Top of Records supplied
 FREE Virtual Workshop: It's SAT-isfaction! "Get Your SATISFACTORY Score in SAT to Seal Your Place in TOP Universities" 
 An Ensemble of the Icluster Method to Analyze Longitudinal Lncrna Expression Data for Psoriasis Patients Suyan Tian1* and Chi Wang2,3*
Bottom of Records supplied
Top of Records supplied
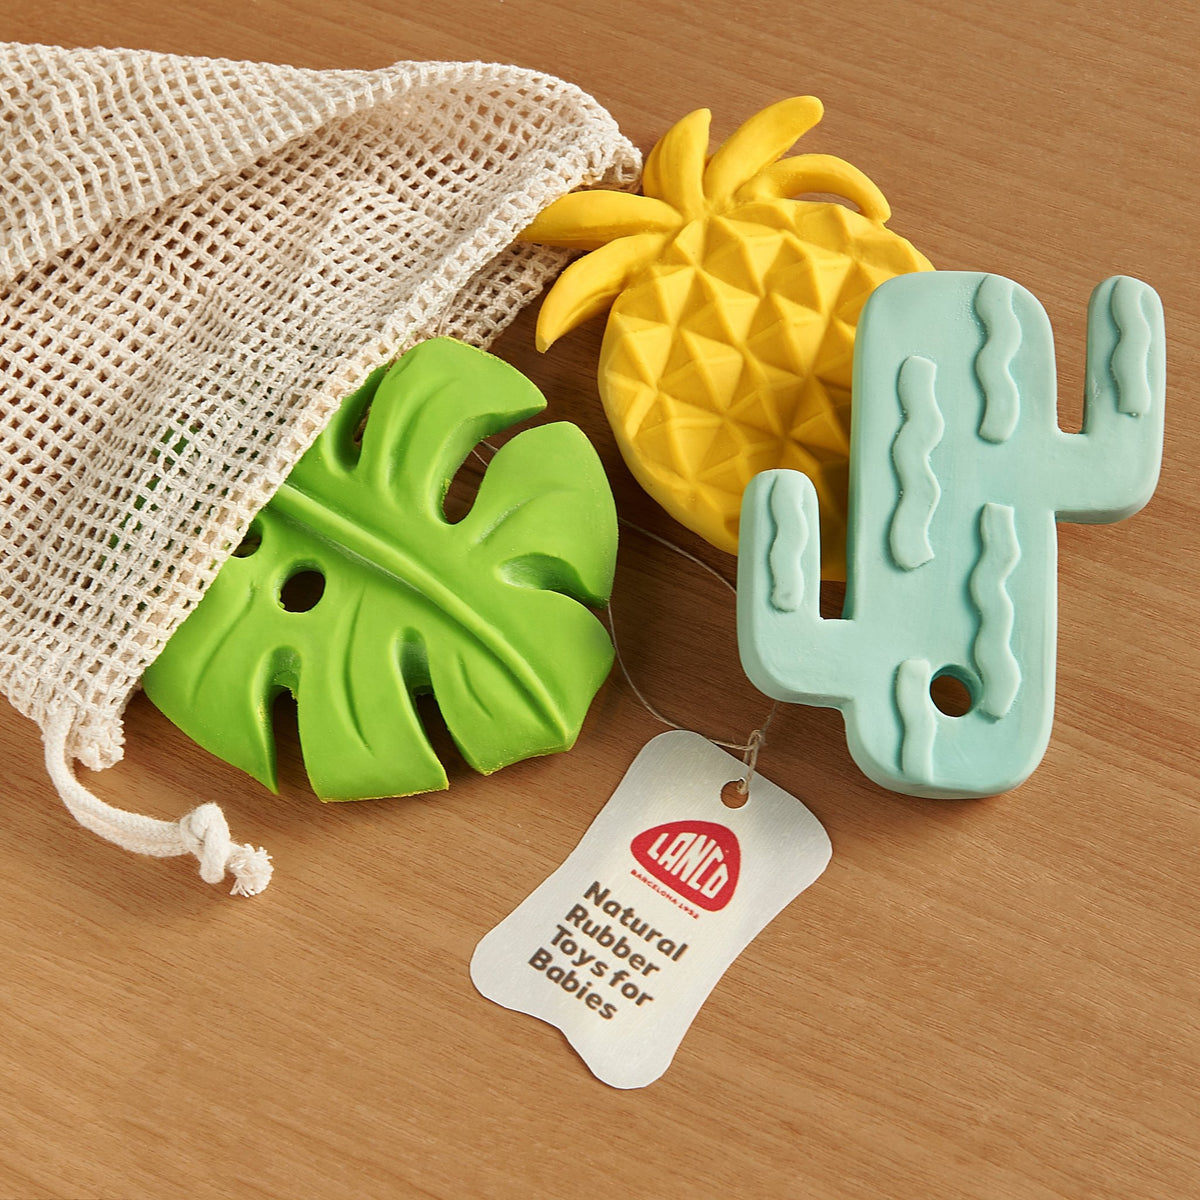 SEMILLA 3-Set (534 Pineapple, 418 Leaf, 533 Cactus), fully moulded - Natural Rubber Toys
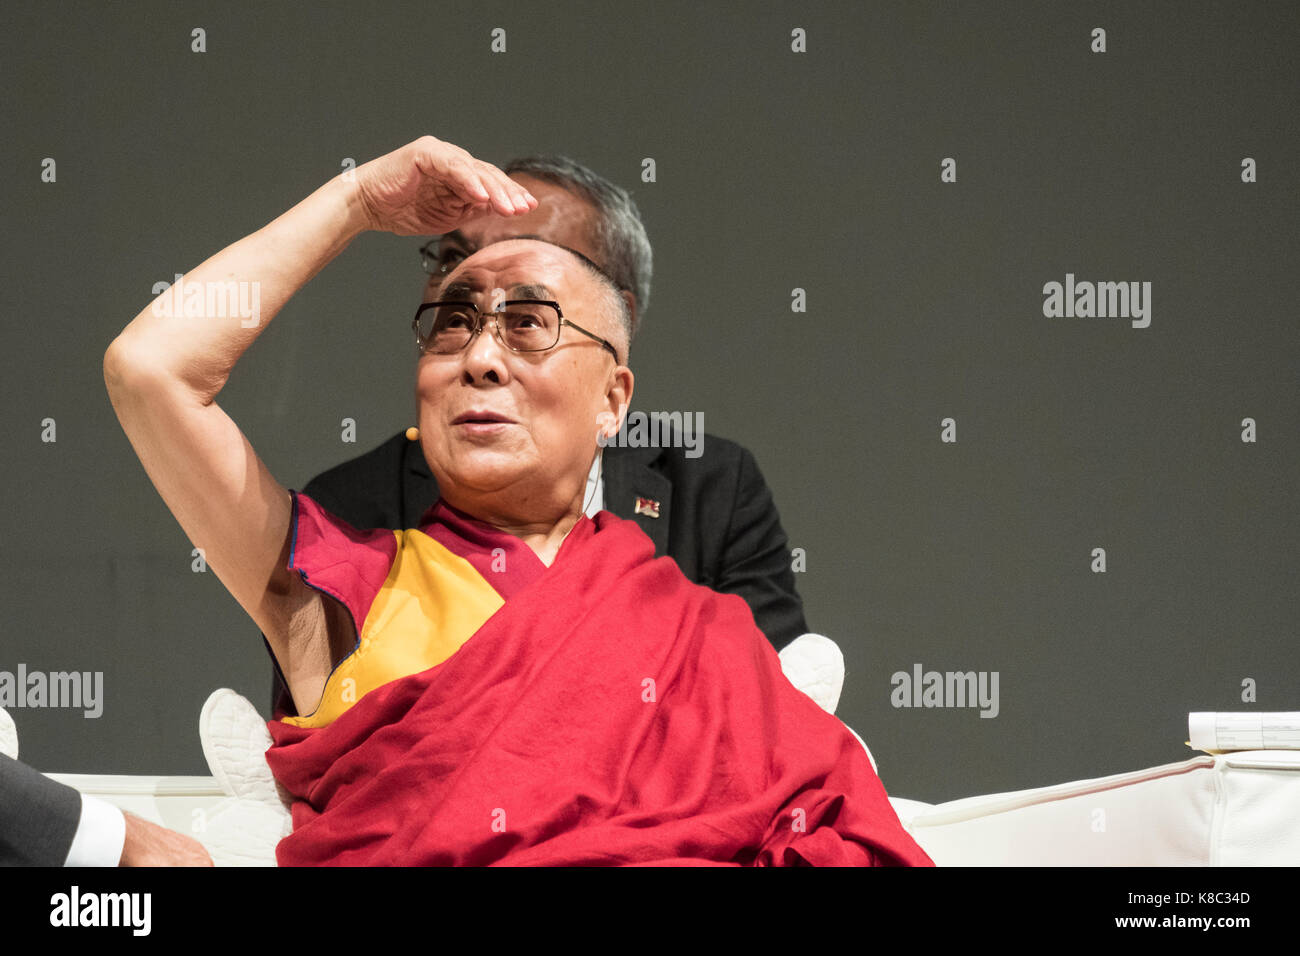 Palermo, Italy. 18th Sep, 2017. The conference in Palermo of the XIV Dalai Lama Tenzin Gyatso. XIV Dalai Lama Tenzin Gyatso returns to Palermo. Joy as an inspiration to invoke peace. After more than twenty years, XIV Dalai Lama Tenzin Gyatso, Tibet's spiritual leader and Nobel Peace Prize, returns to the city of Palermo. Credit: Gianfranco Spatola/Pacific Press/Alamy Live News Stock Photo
Bottom of Records supplied
Top of Records supplied
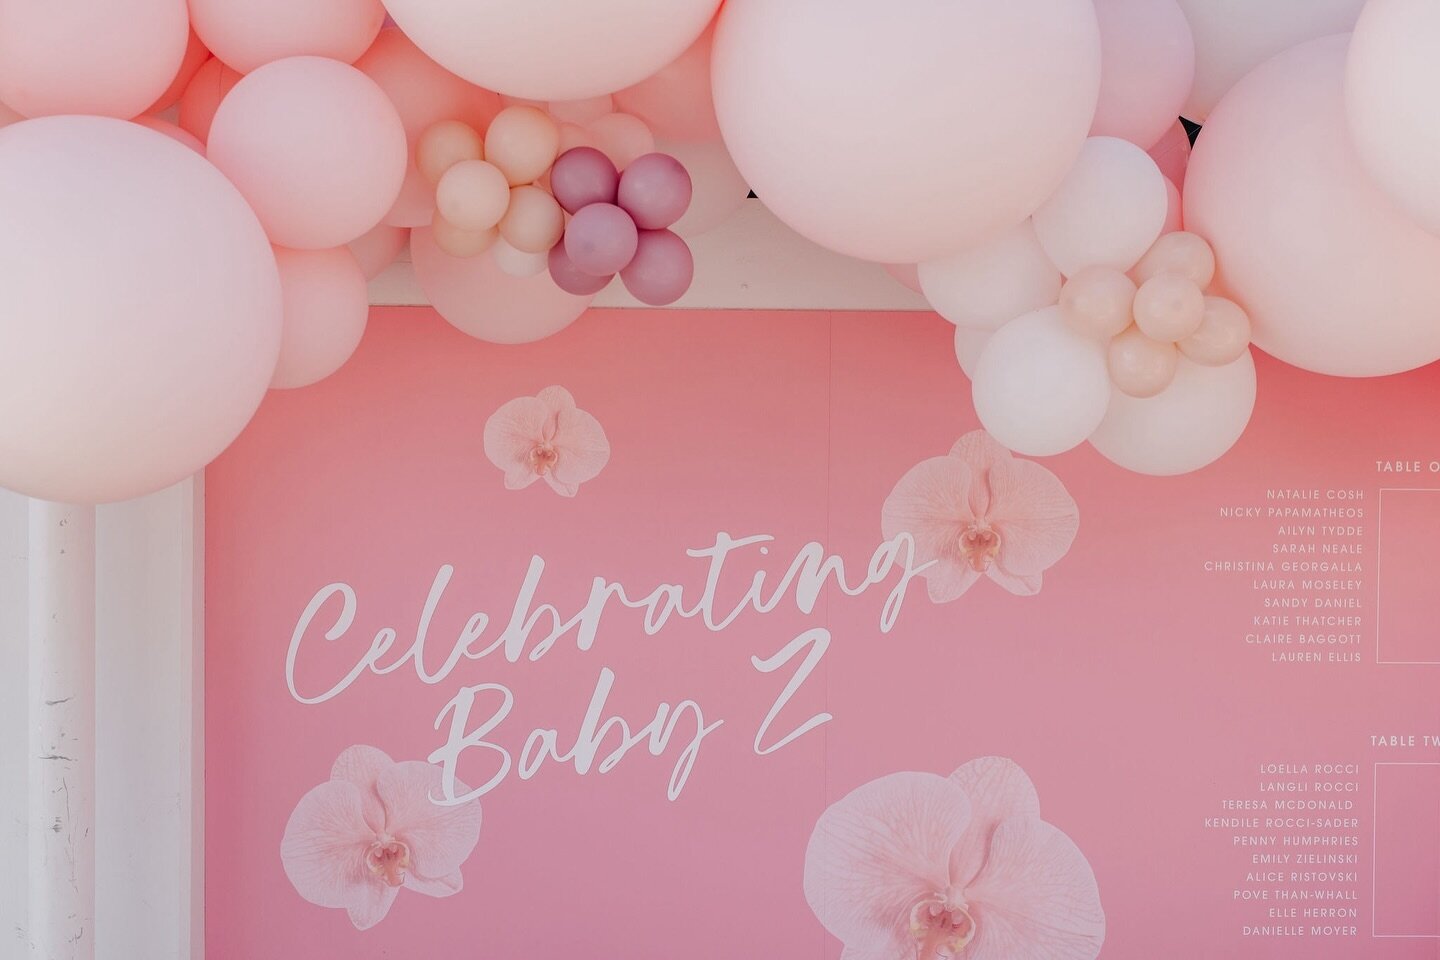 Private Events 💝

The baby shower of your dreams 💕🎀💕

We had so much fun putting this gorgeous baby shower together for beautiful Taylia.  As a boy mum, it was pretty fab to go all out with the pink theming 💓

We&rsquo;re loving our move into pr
Bottom of Records supplied
## Problem description:
Set down, from the entries above, exactly the lines from the one with "The baby shower of your dreams 💕🎀💕" up to and including the one with "We&rsquo;re loving our move into pr", and no other lines.

## Solution to this task:
The baby shower of your dreams 💕🎀💕

We had so much fun putting this gorgeous baby shower together for beautiful Taylia.  As a boy mum, it was pretty fab to go all out with the pink theming 💓

We&rsquo;re loving our move into pr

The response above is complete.